Обхватив колени руками, Мария смотрела на мертвую Саню. Нос девочки уже заострился, лоб и щеки отливали матовой восковой желтизной. На отвисшем подбородке и на левой щеке засохли темные пятна крови. Прядка белесых волос прилипла к виску.
— Сейчас я обряжу тебя, бедная ты сиротиночка, — тихо проговорила Мария, — и личико твое обмою, и косички заплету, и ротик твой закрою… Трудно мне будет выкопать тебе могилку, дитя мое несчастное, нет у меня ни лопаты, ни ломика…
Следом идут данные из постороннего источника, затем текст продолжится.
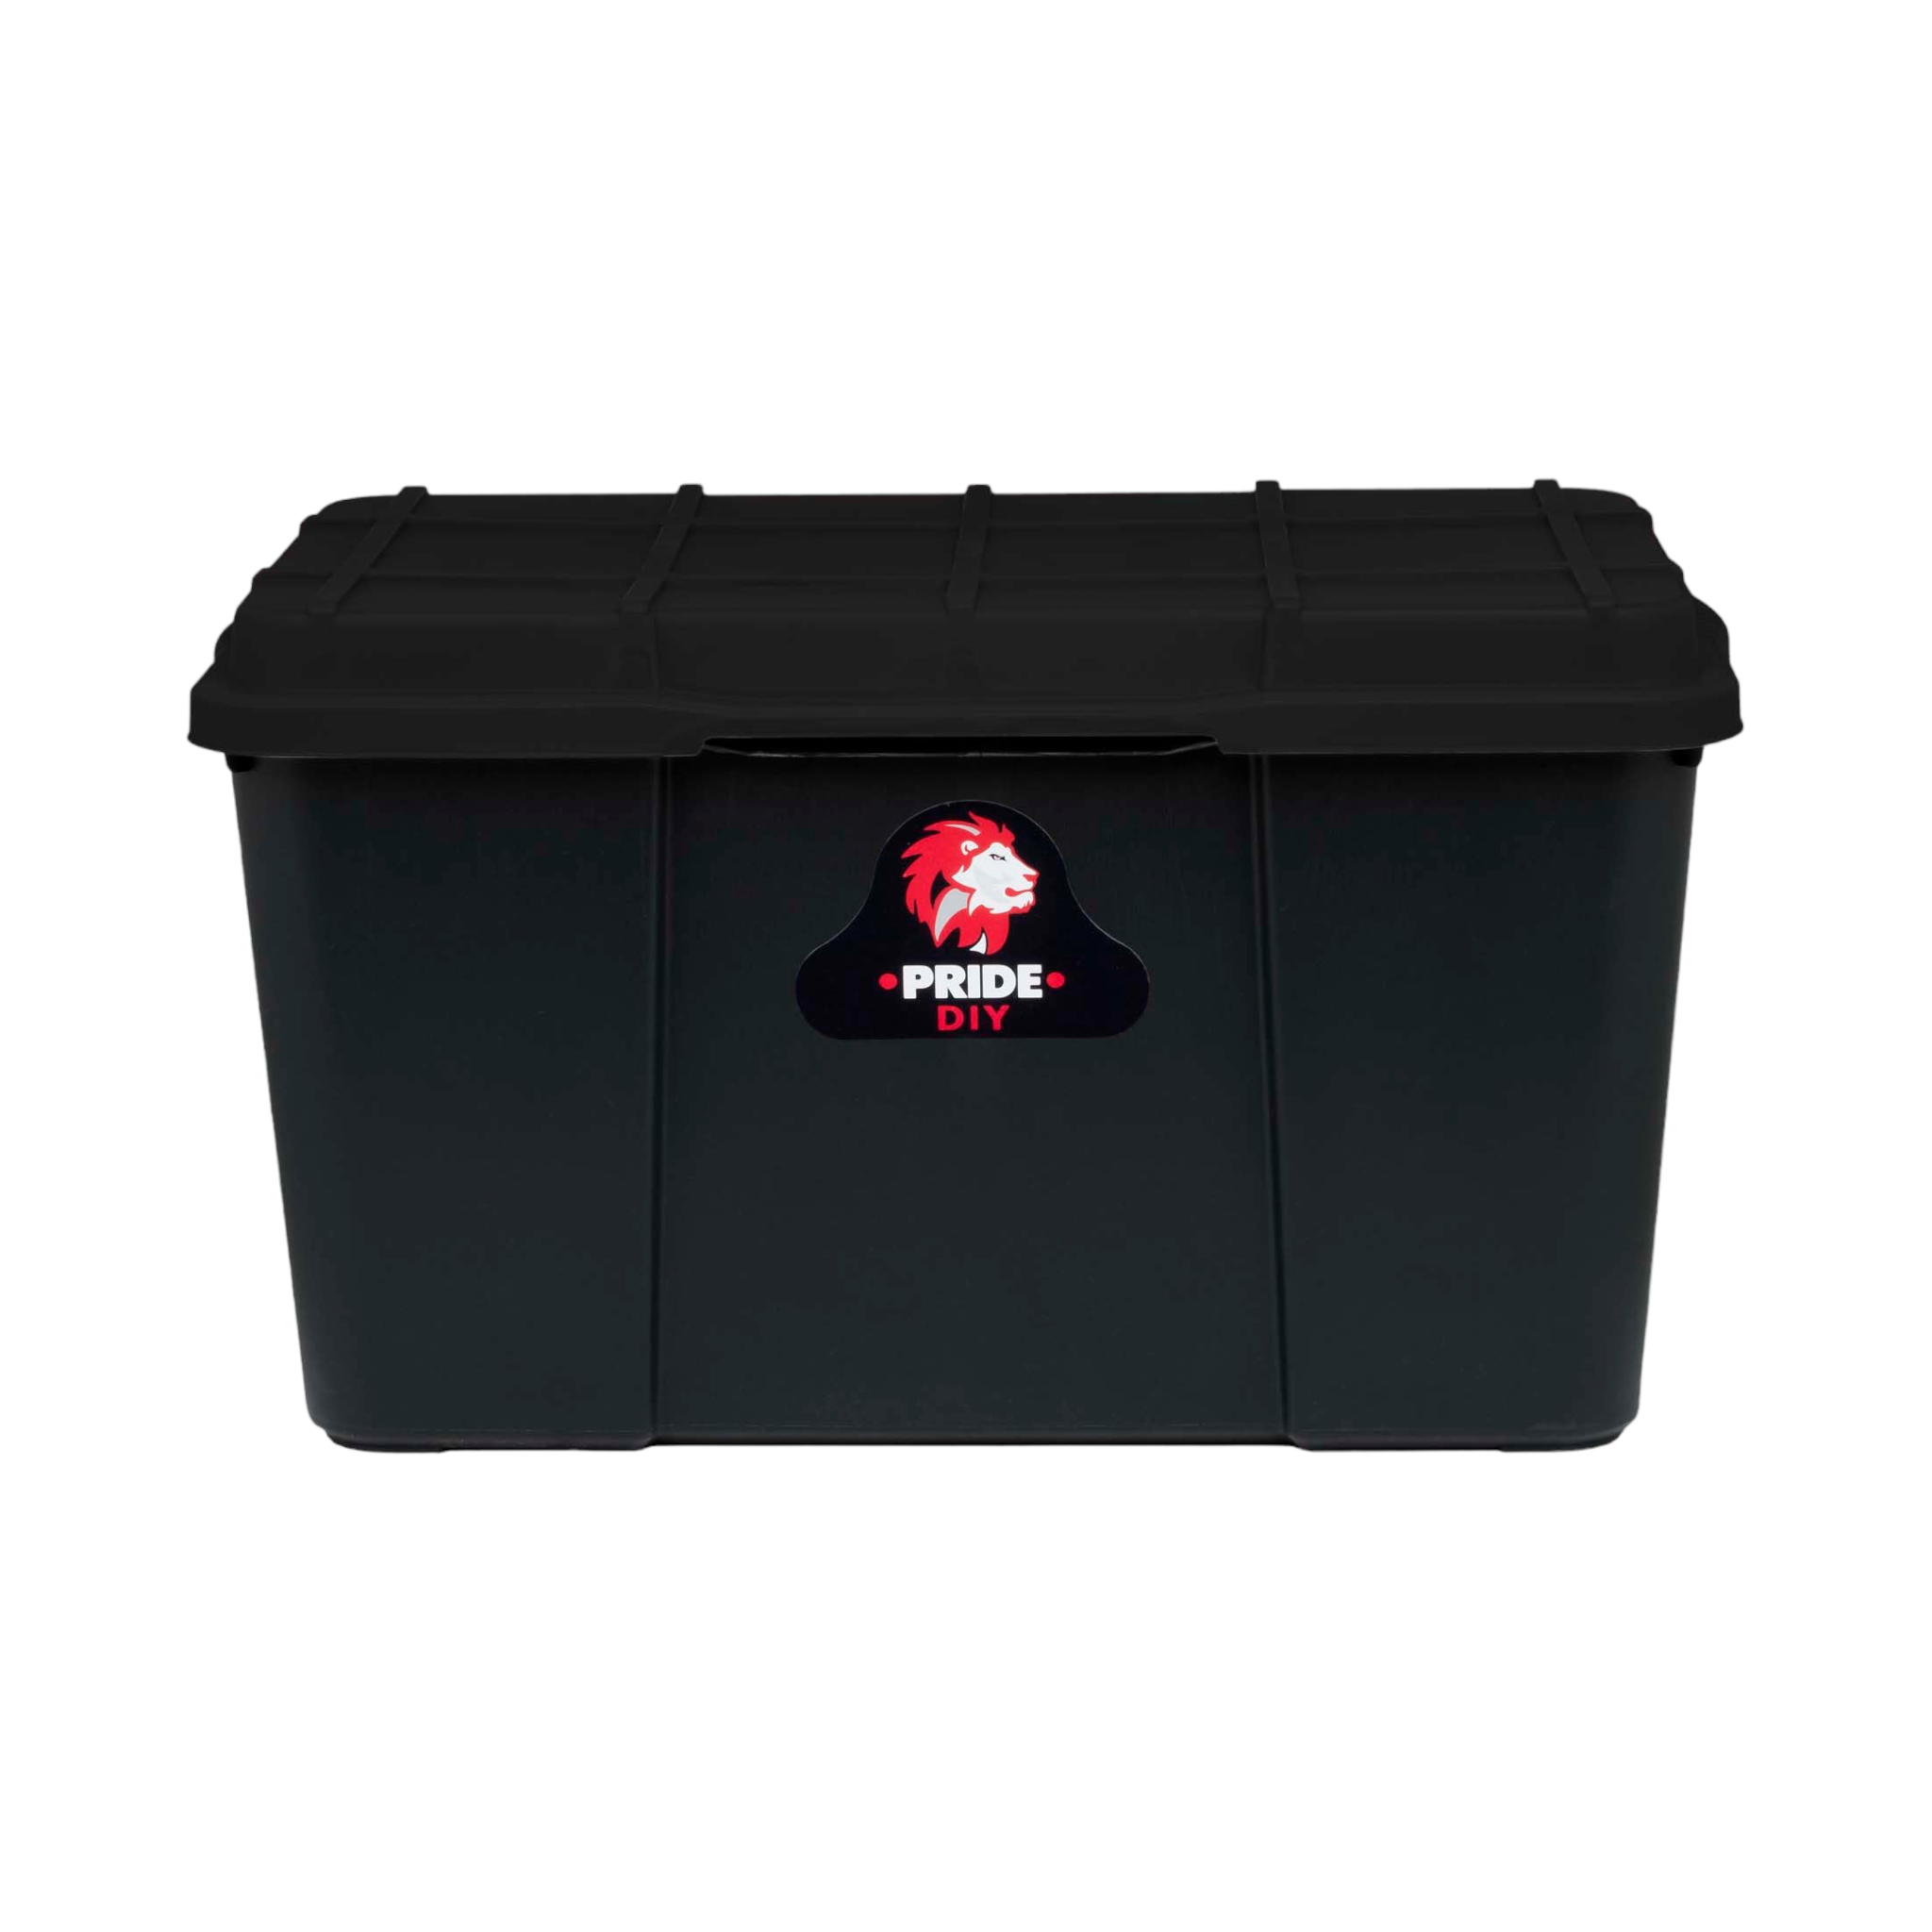 45L Pride Plastic Storage Box Utility Container Box Black

Марию бил озноб. Она зябко поводила плечами, шептала слова, не вникая в их смысл. Тронув рукой пожелтевшую руку Сани, сказала, словно обращалась к живой:
— Пальцы-то у тебя в чернилах, девчоночка… хоть школу вашу закрыли, а грамотной ты хотела быть… Учительницей быть хотела. Не довелось тебе выучиться…
На увядших космах пырея, который обильно покрыл междурядья неполотой кукурузы, лежала утренняя роса. Мария поднялась, омыла росой липкие грязные руки, оторвала от подола платья тряпицу и, увлажнив ее росой, стал отмывать от крови застывшее лицо Сани. Потом она осторожно подтянула тряпицей отвисший подбородок девочки, концы мокрой тряпицы подвязала на темени, стала поправлять ее светлую косу и вскрикнула от жгучего укола в палец. Высосала выступившую на пальце капельку крови. Осторожно перебрала растрепанную косичку умершей и нашла запрятанный в волосах значок с отогнувшейся острой застежкой.
Мария подержала значок на ладони. На его алой эмали блестел профиль Ленина. Мария заплакала.
— Вот, товарищ Ленин, — сказала она, давясь слезами, — вот чего сделали с людьми, с бедной Санечкой, со мною… Куда мне теперь податься, товарищ Ленин? Скажите, дайте мне ответ, Владимир Ильич, научите меня… Отец мой, и мать моя, и муж мой, и сыночек мой малый жизни лишились, и осталась я на белом свете одна…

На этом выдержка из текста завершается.